= Beginning of Section =

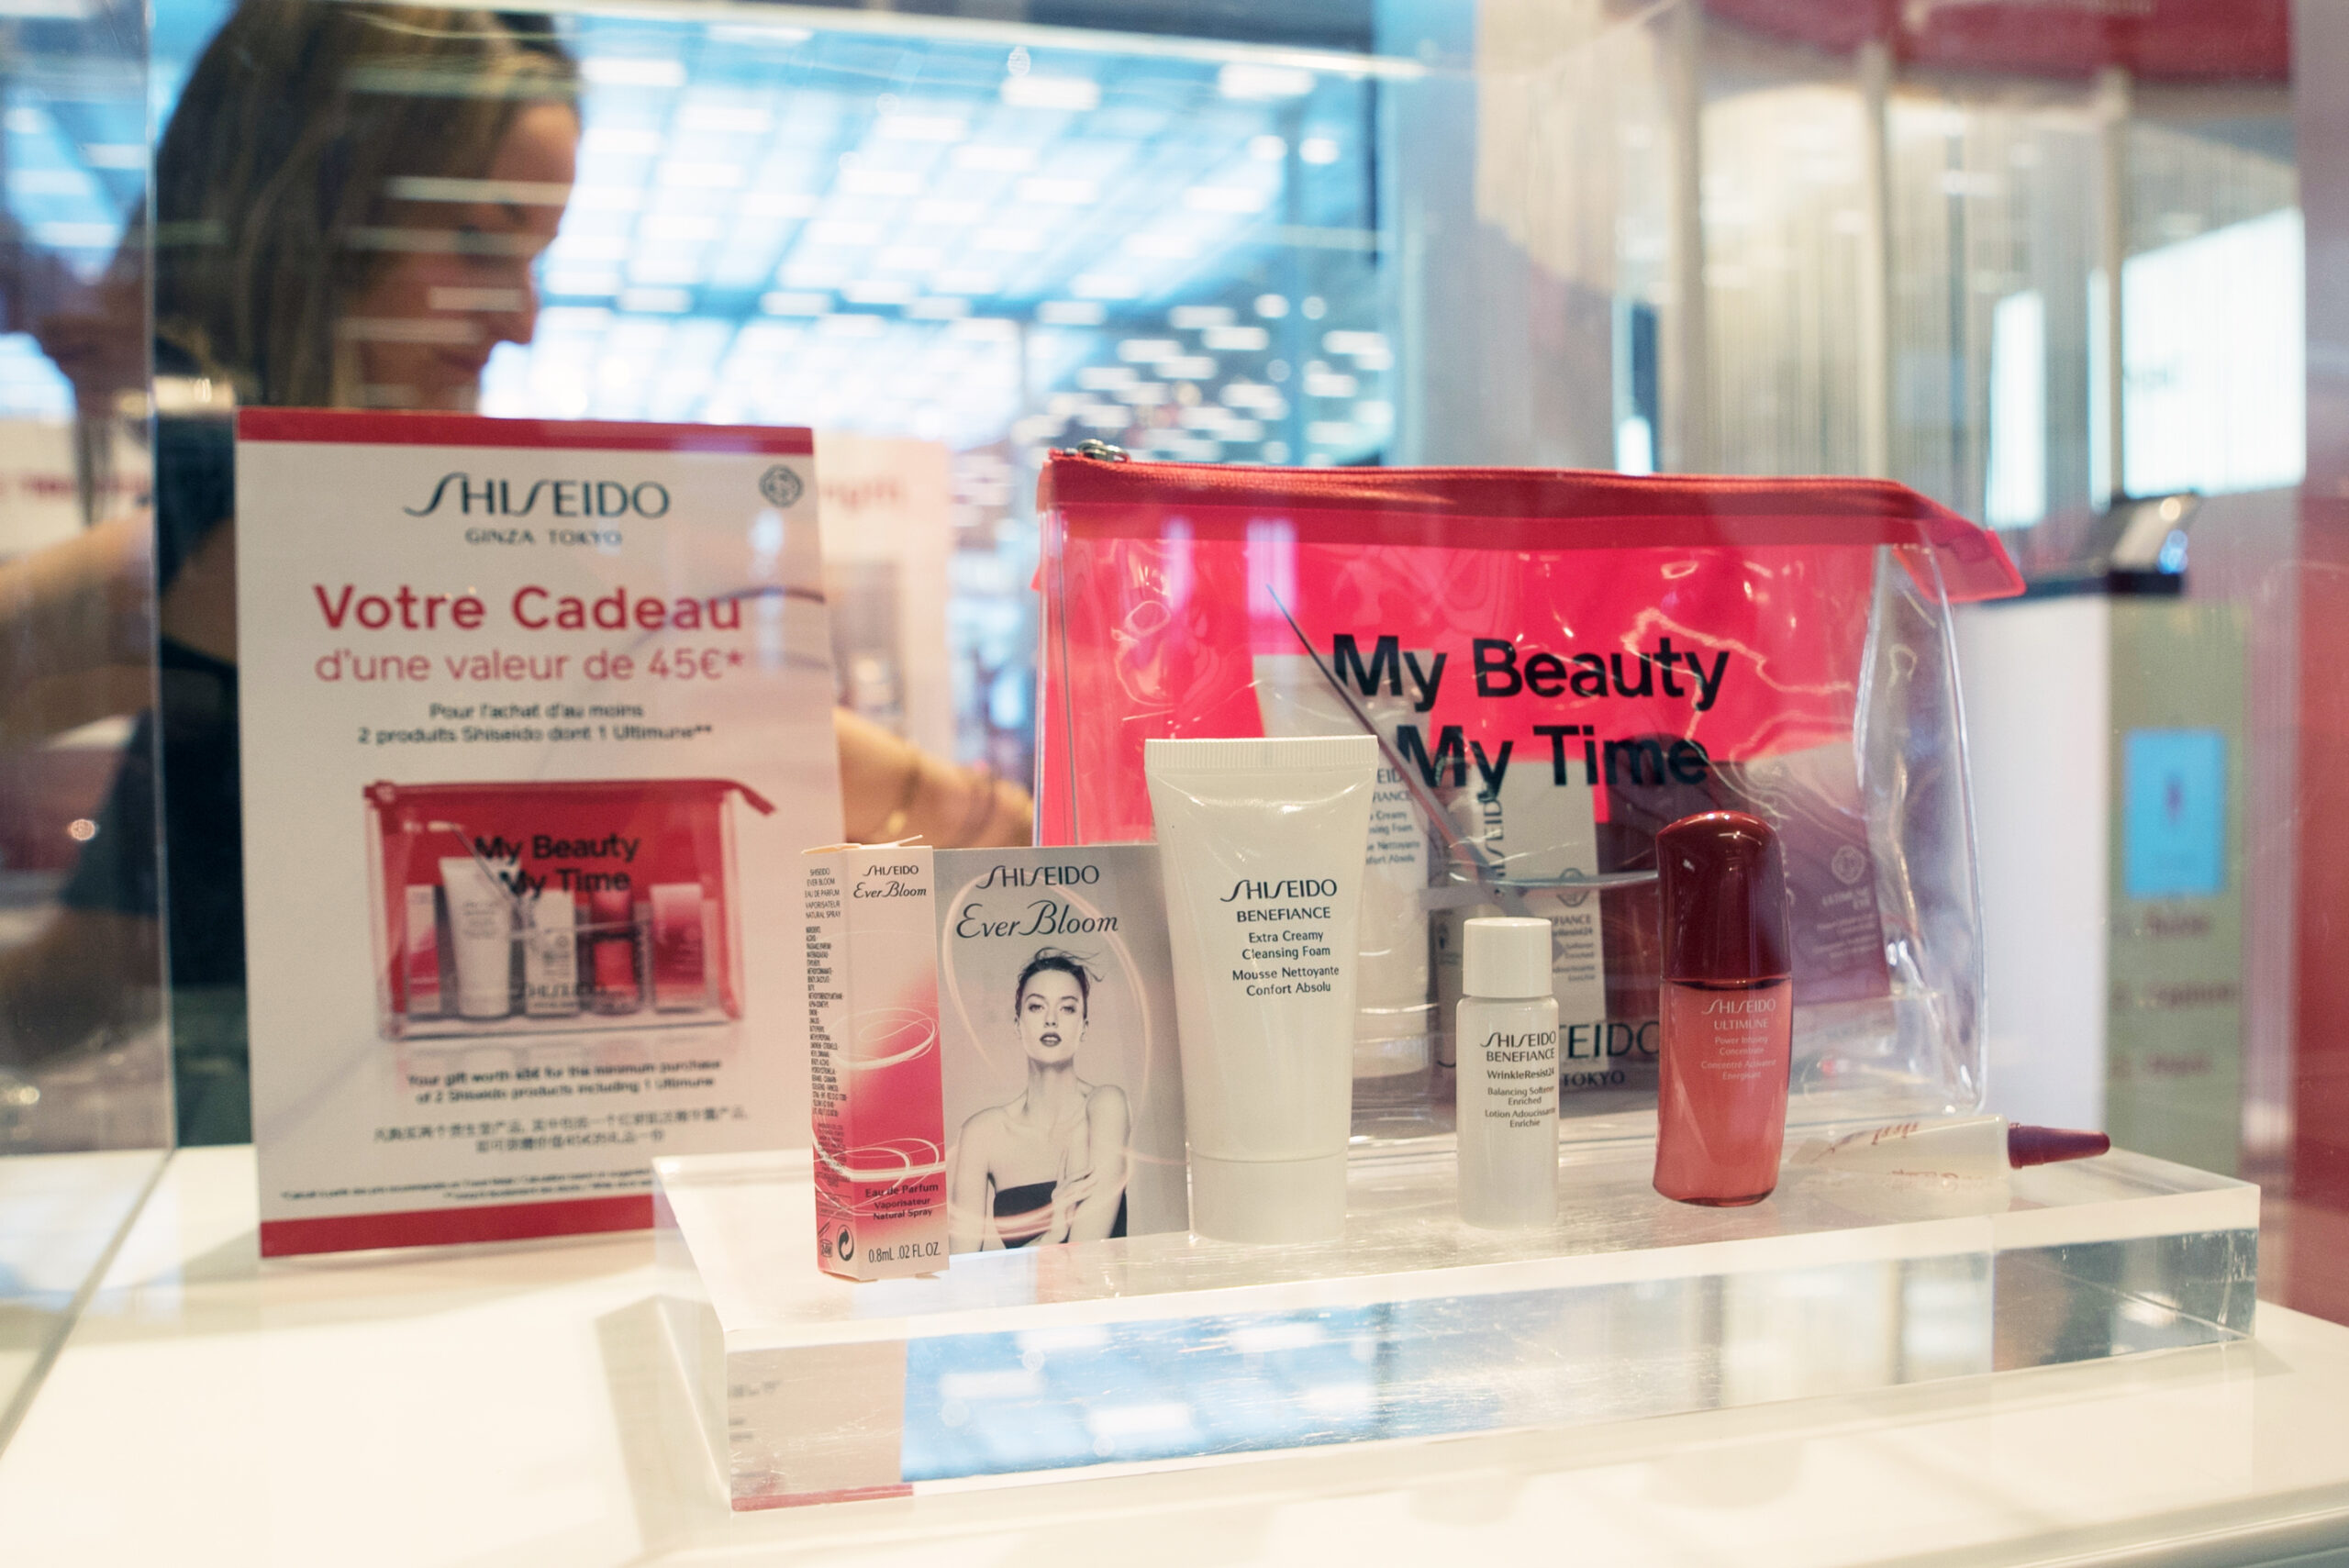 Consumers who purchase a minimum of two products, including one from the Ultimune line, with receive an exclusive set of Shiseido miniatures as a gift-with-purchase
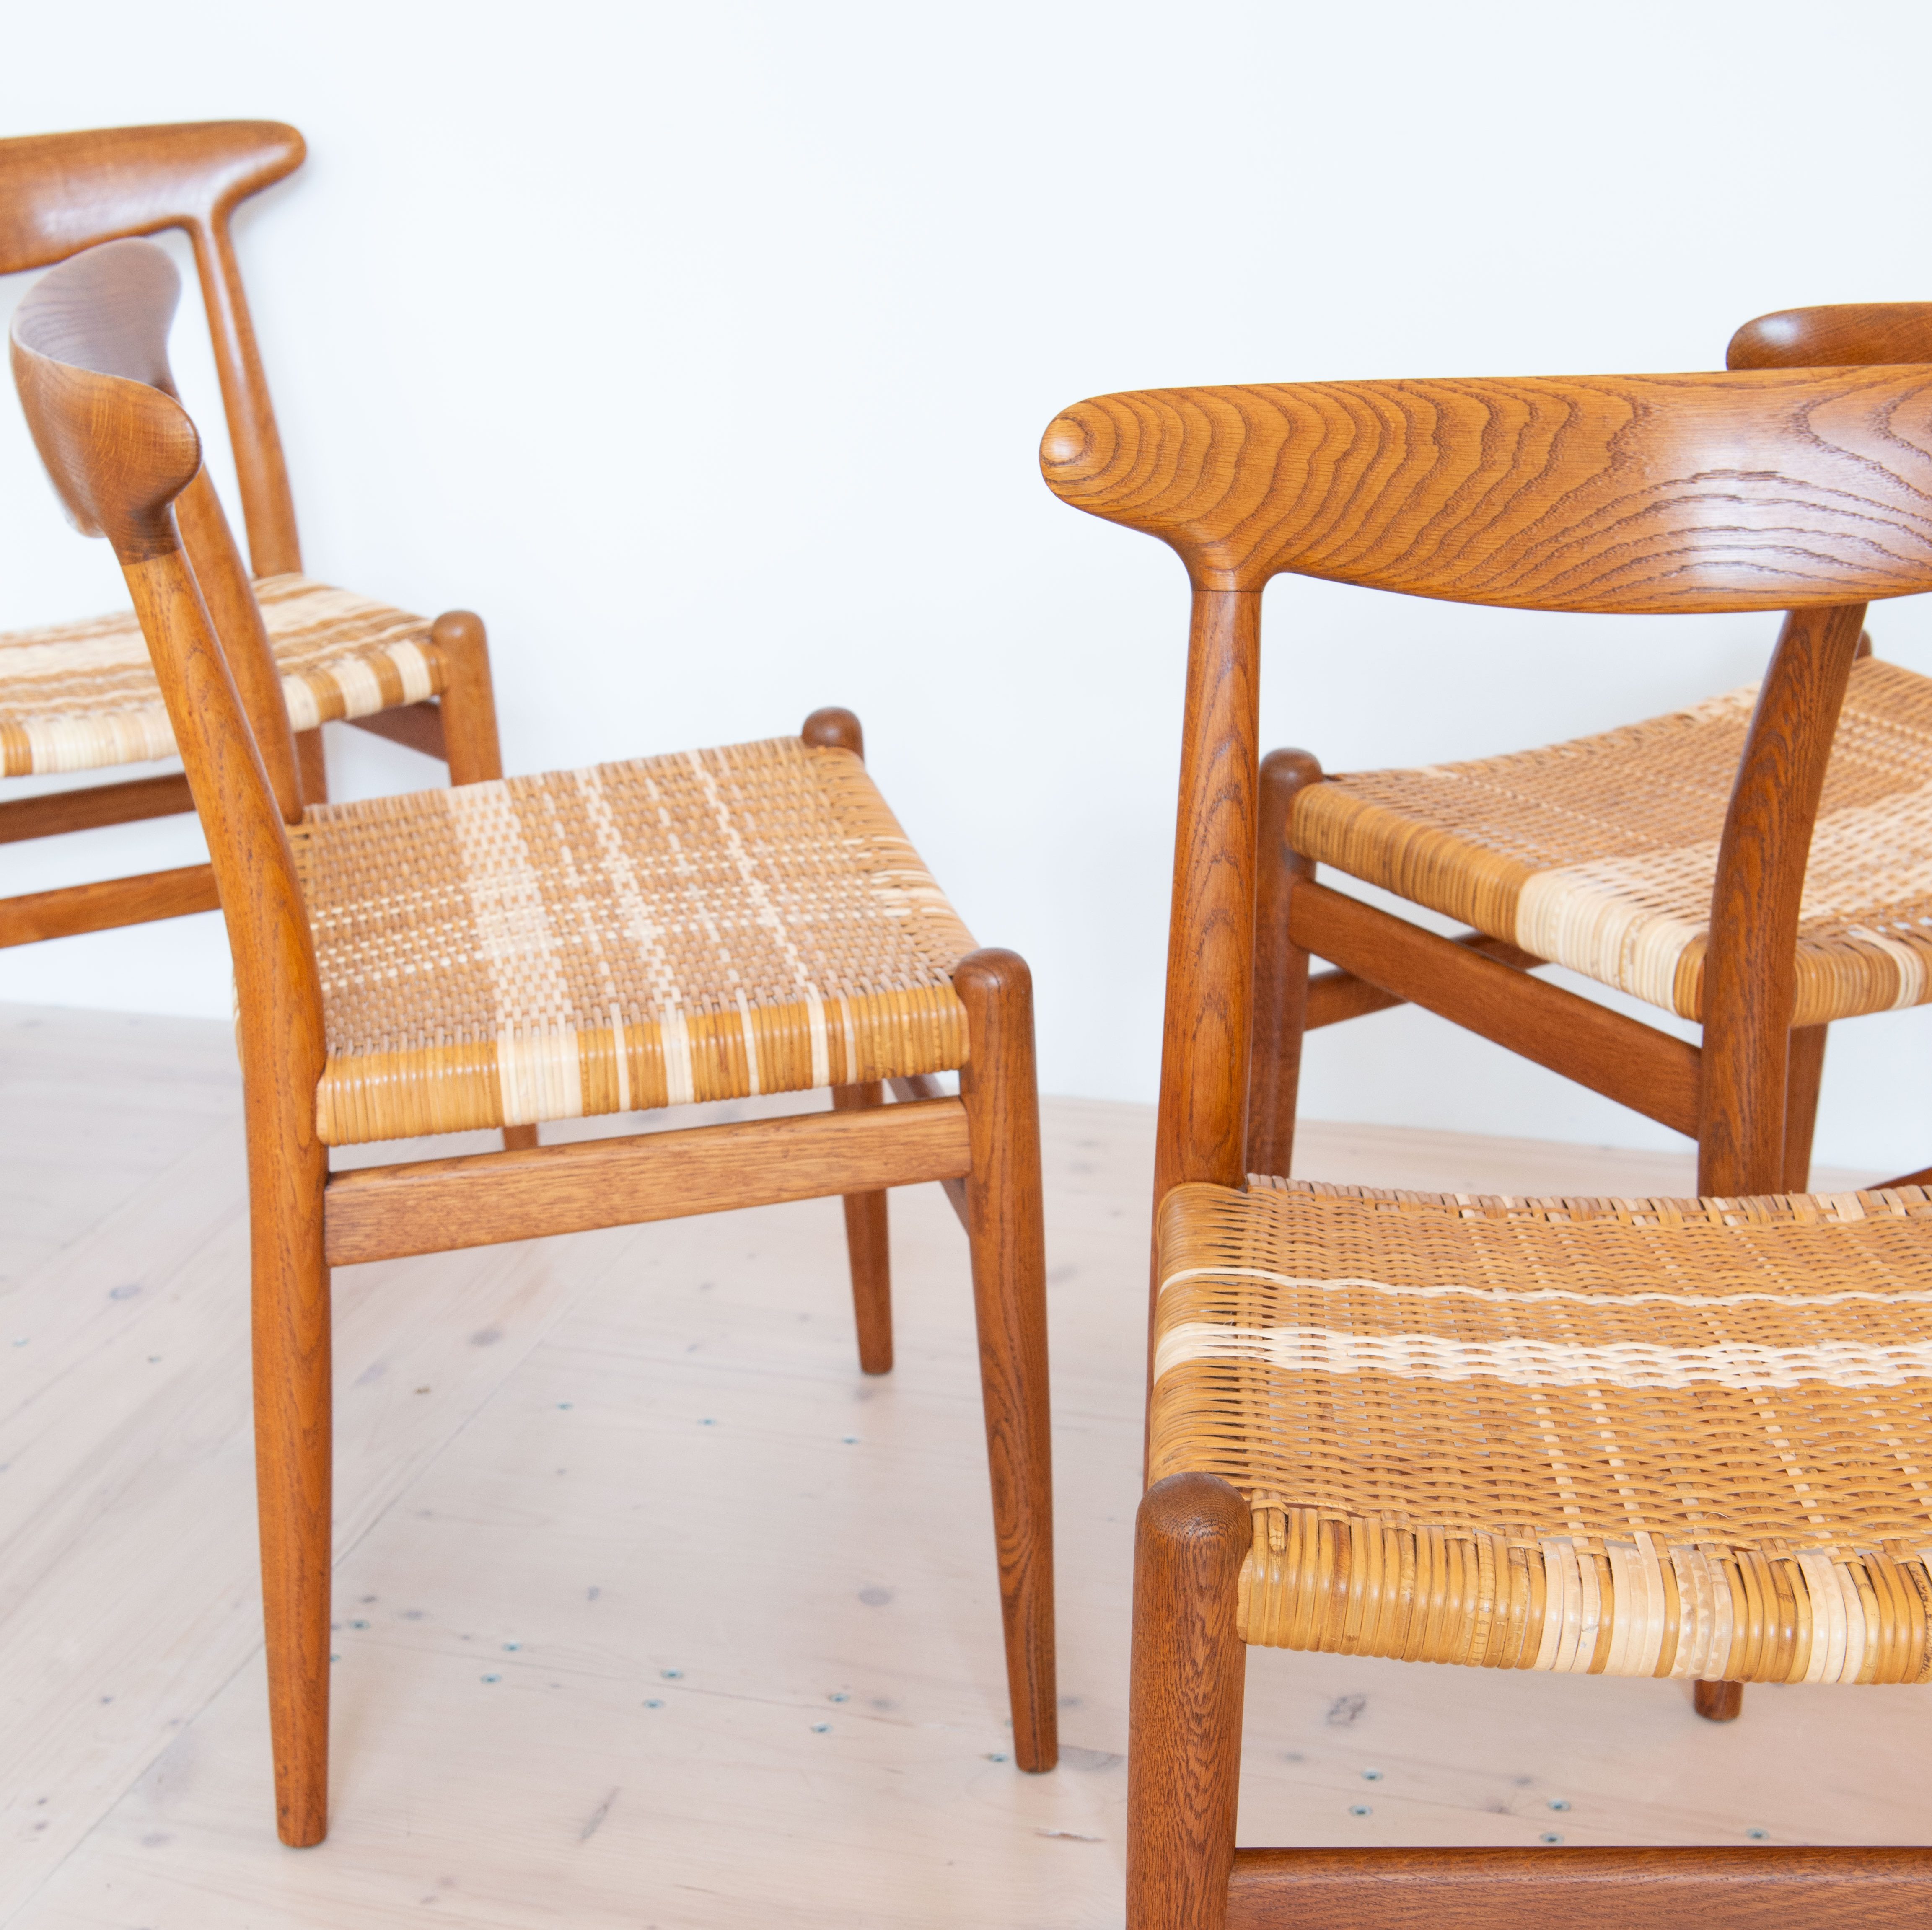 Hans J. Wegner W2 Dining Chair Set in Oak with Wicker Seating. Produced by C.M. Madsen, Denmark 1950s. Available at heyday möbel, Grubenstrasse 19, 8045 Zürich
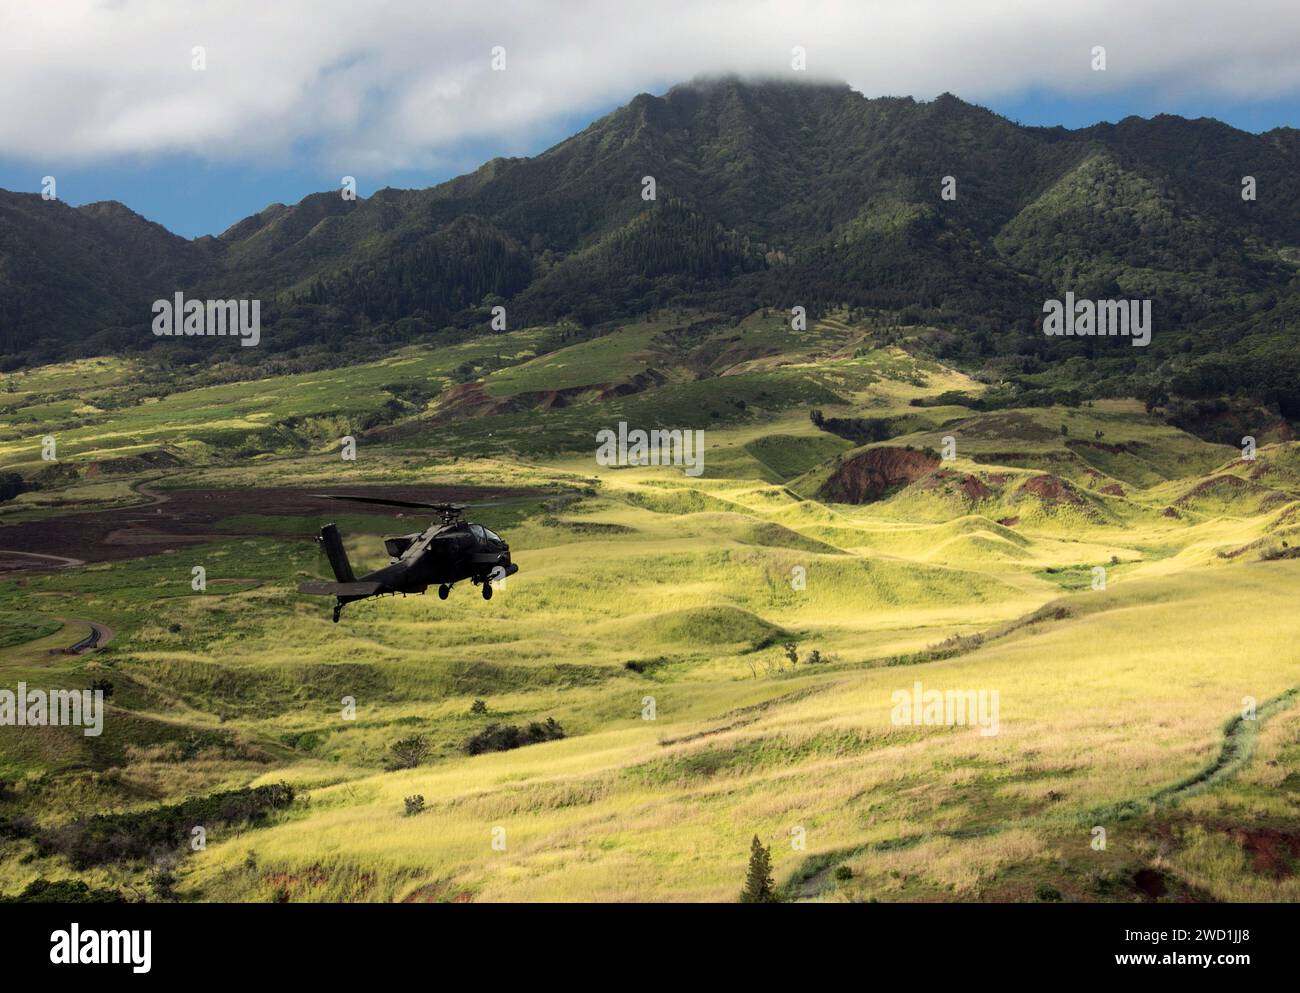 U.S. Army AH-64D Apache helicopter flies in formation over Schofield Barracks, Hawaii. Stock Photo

= End of Section =

▶ THE TASK: The listing is to be repeated exactly, with its pictures removed.

▶ OUTPUT BELOW:
 Consumers who purchase a minimum of two products, including one from the Ultimune line, with receive an exclusive set of Shiseido miniatures as a gift-with-purchase
 Hans J. Wegner W2 Dining Chair Set in Oak with Wicker Seating. Produced by C.M. Madsen, Denmark 1950s. Available at heyday möbel, Grubenstrasse 19, 8045 Zürich
 U.S. Army AH-64D Apache helicopter flies in formation over Schofield Barracks, Hawaii. Stock Photo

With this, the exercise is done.